Нет оснований считать всех тех, кто был уверен в хлыстовстве Распутина — епископов Гермогена, Антония, Марка, священников Георгия Шавельского и Сергея Булгакова — масонами и либералами, как это предлагает делать автор недавней книги о Распутине как народном праведнике[2154]. Мы приходим к результату скорее обратного характера. Восприятие Распутина как сектанта действительно зависело от положения на политическом спектре; но не считали его хлыстом только самые радикалы, в этом узком вопросе неожиданно сомкнувшиеся с царем. Среди специалистов по сектам, правые, умеренные и даже левые от Скворцова и Новоселова до Пругавина зачисляли Распутина в хлысты; и только крайне левый Бонч-Бруевич, да еще по-своему радикальный Розанов, отрицали хлыстовство Распутина.

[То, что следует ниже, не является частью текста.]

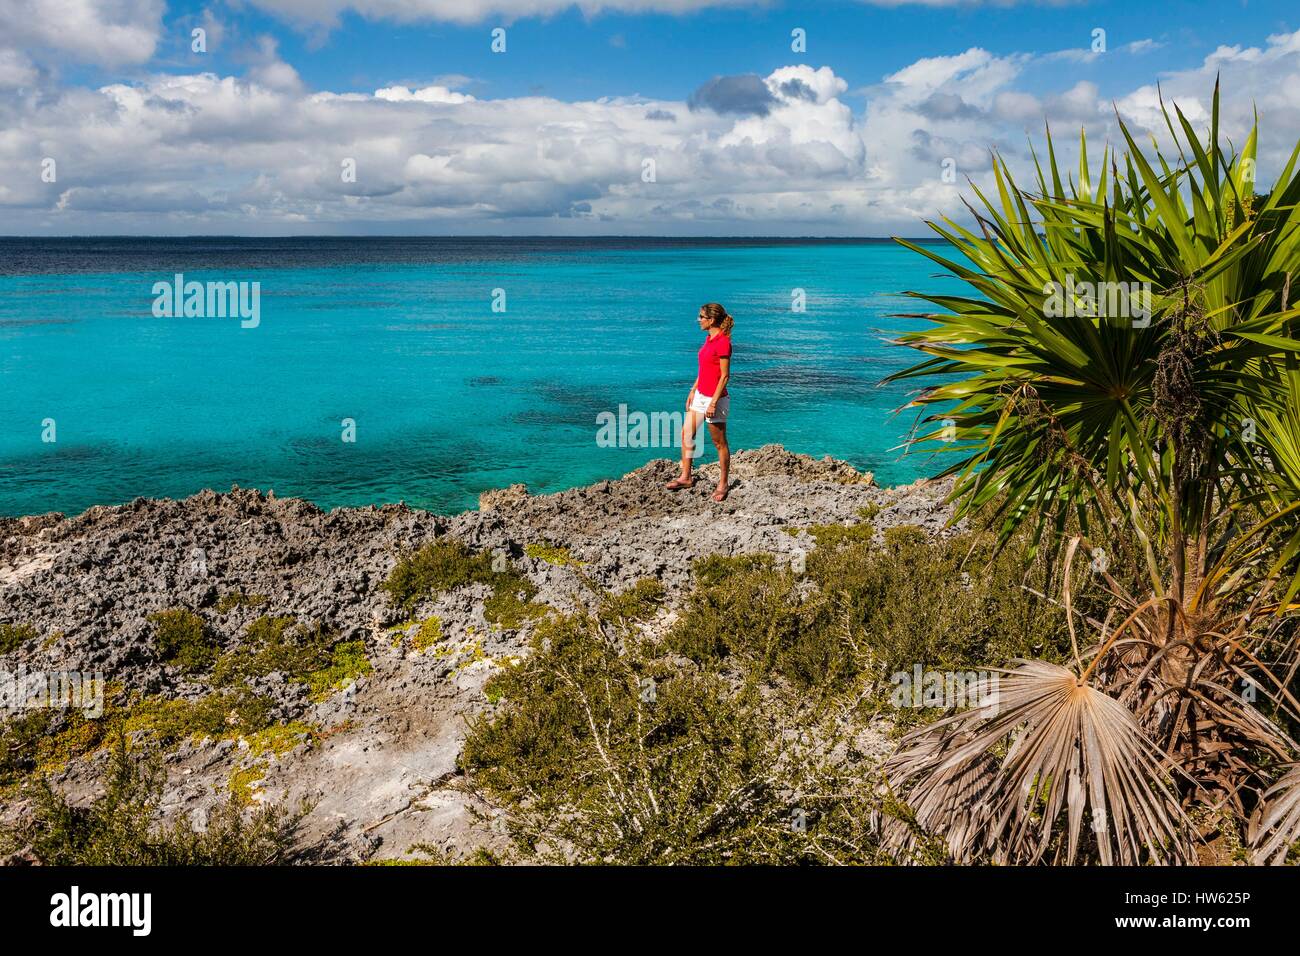 Cuba, provincia di Matanzas, penisola di Zapata, Baia dei maiali, Playa Giron Foto Stock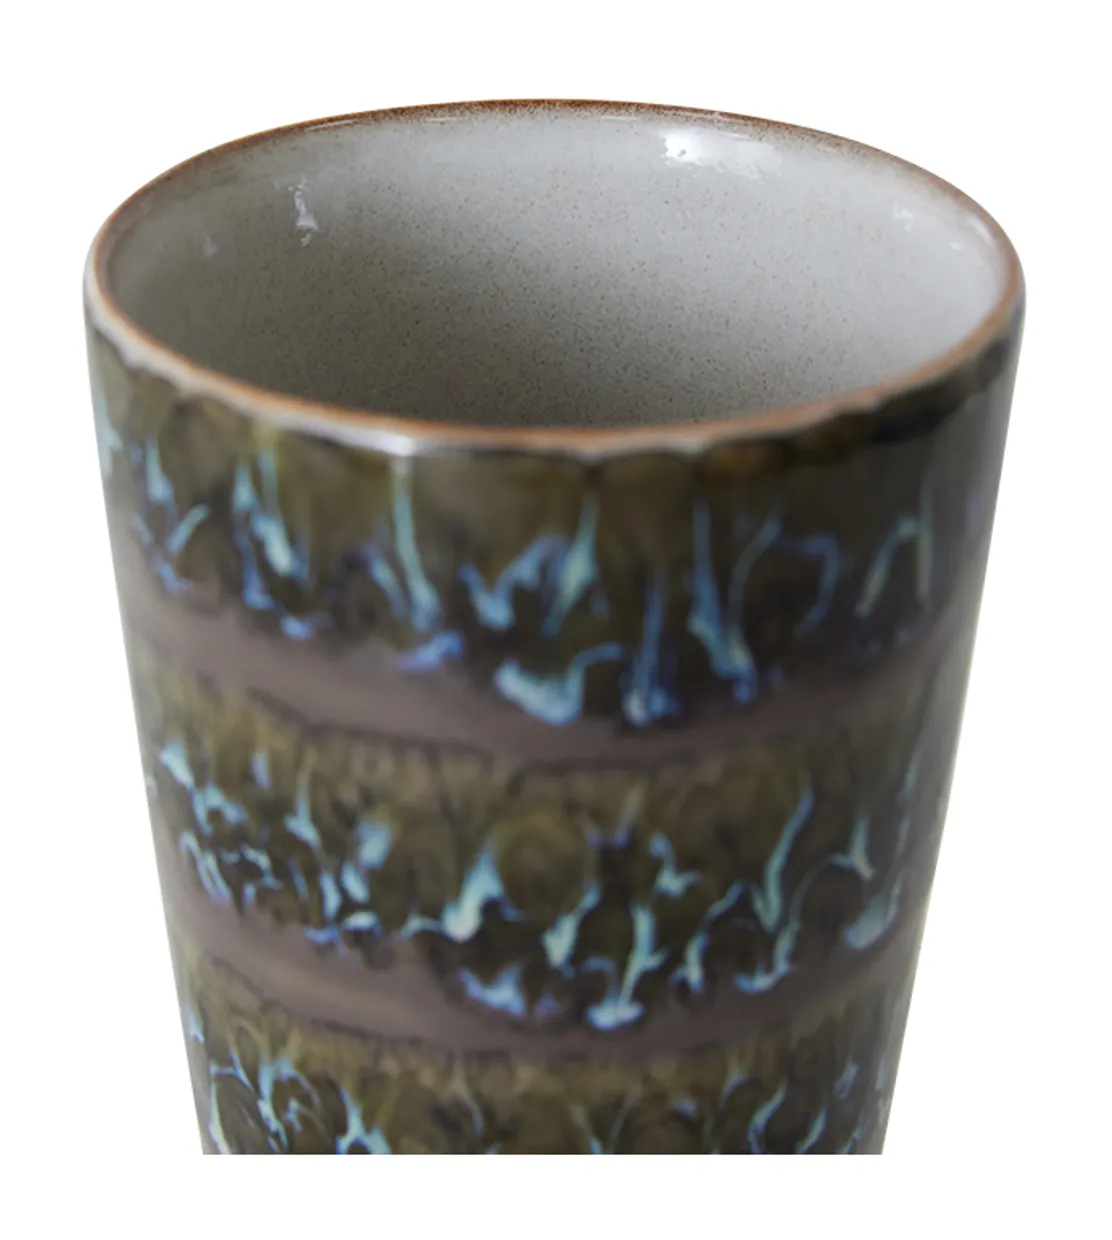 70s ceramics: latte mug, fern

Каковы бы ни были религиозные взгляды Распутина, его профессией стала большая политика; именно в этом ключе надо оценивать его цели и вклад. Связи Распутина с левыми силами не привлекали к себе внимания историков, но кажутся любопытным феноменом. Распутин и Бонч-Бруевич оба воплощали в себе любимые идеи русского народничества и, каждый по-своему, являлись его законными наследниками. Более умеренные участники событий со страхом предполагали возможность их единения. Гиппиус в
Мы знаем точно, что Распутина убили правые; и есть основания предполагать, что перед этим в поисках поддержки он общался с левыми. При всей обманчивости этих политических терминов, они различают важные реальности России 1910-х годов: отношение к русскому национализму и панславизму; отношение к еврейскому вопросу; отношение к войне. Народничество связано с национализмом многозначными и меняющимися отношениями. Популизм распутинского типа был донационалистическим. Об этом говорят записки Распутина времен паломничества в Палестину, лишенные национализма. Об этом свидетельствует его ближайшее сотрудничество с евреями[2156]; и этим же мотивировано его финальное столкновение с людьми типа Пуришкевича. Сектантские общины близко сосуществовали с другими верами, не считали грехом эмиграцию из России и были чужды самой идее национального государства. Конфессиональные различия были для них куда важнее национальных. Религиозная и национальная нетерпимость исходила сверху, от бюрократии и интеллигенции, от чиновников Победоносцева и читателей Достоевского. Еврейские банкиры финансировали Распутина с очевидной целью добиться отмены черты оседлости; возможно, они добились бы цели, если бы не война.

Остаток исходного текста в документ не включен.